Assigned task
Set down, please, exactly the lines below that run from the line with "A Victor Manuelle live event" to the line with "Rangka tempat tidur", both lines included.

Input data
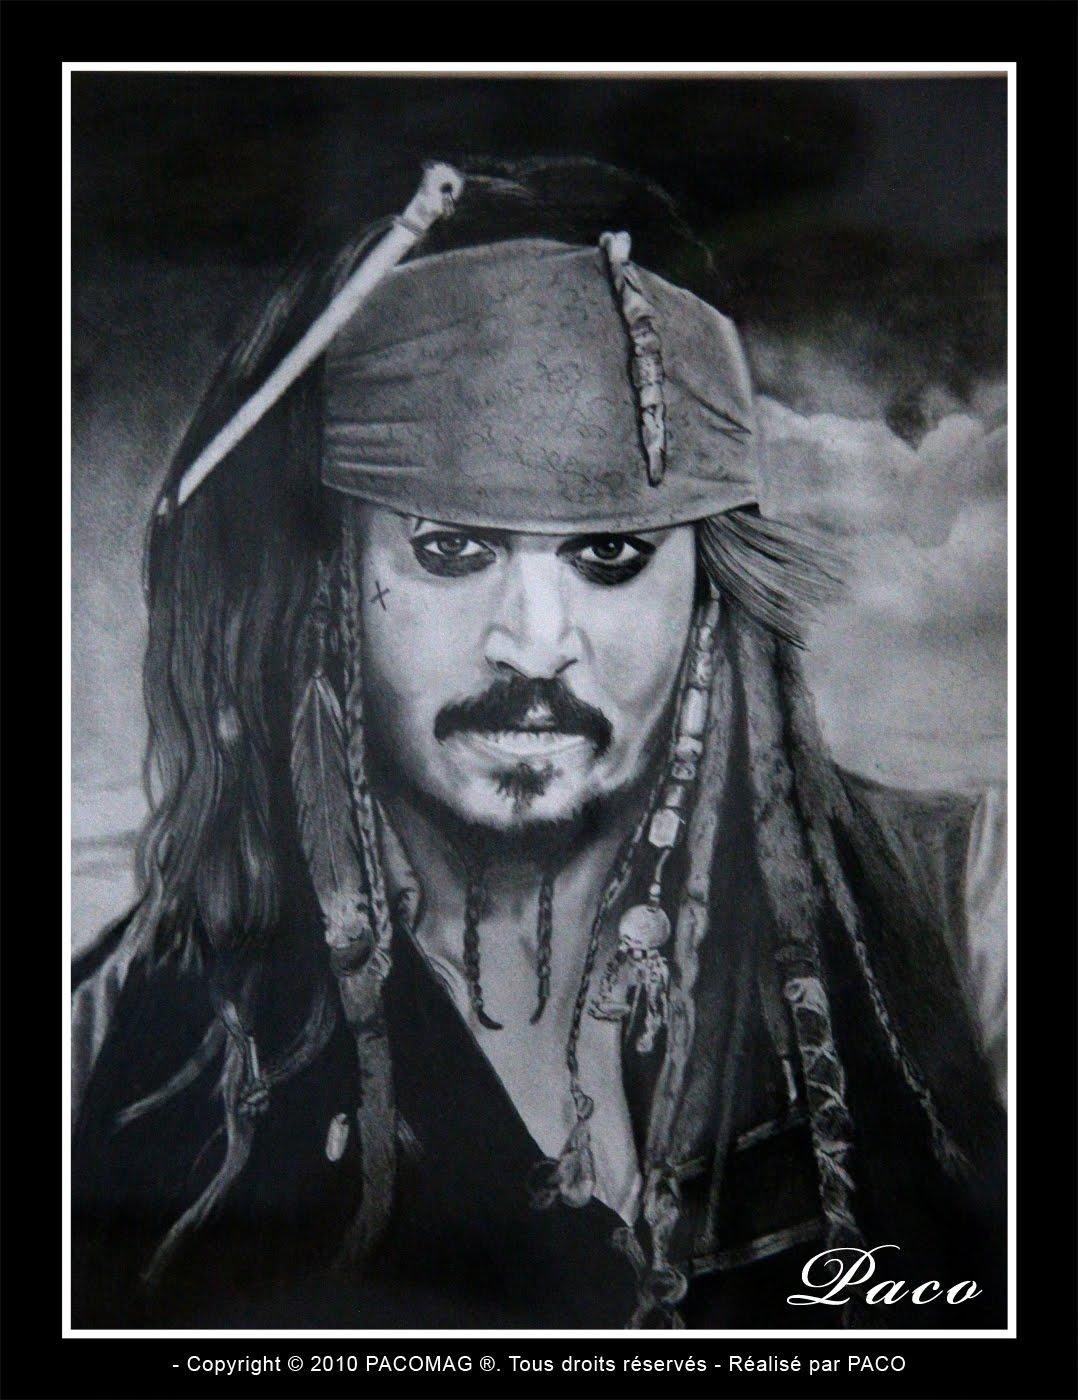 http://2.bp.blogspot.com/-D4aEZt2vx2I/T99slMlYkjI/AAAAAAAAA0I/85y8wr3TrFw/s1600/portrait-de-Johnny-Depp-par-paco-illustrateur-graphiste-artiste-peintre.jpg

* * *

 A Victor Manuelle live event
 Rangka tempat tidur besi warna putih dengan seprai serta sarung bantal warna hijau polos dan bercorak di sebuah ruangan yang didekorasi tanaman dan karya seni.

==

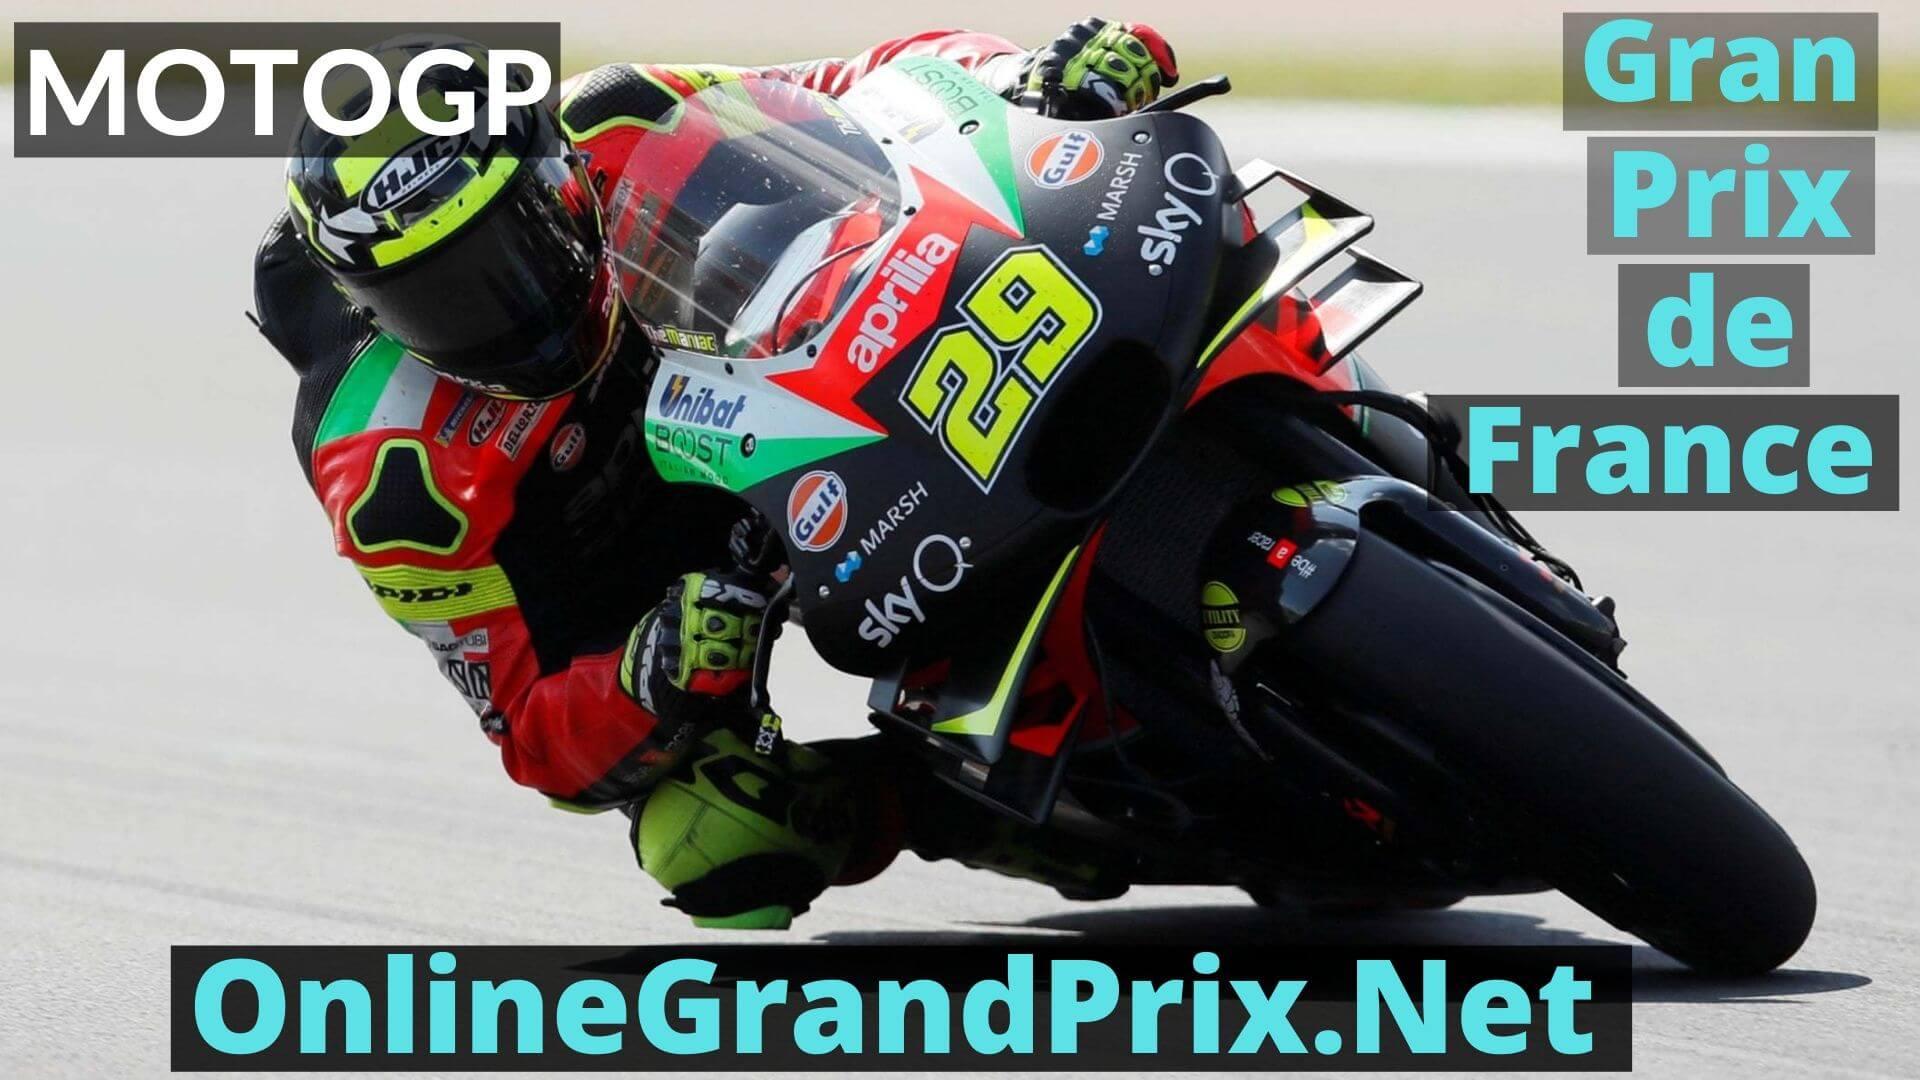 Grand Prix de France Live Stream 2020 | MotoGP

Output for this task
 A Victor Manuelle live event
 Rangka tempat tidur besi warna putih dengan seprai serta sarung bantal warna hijau polos dan bercorak di sebuah ruangan yang didekorasi tanaman dan karya seni.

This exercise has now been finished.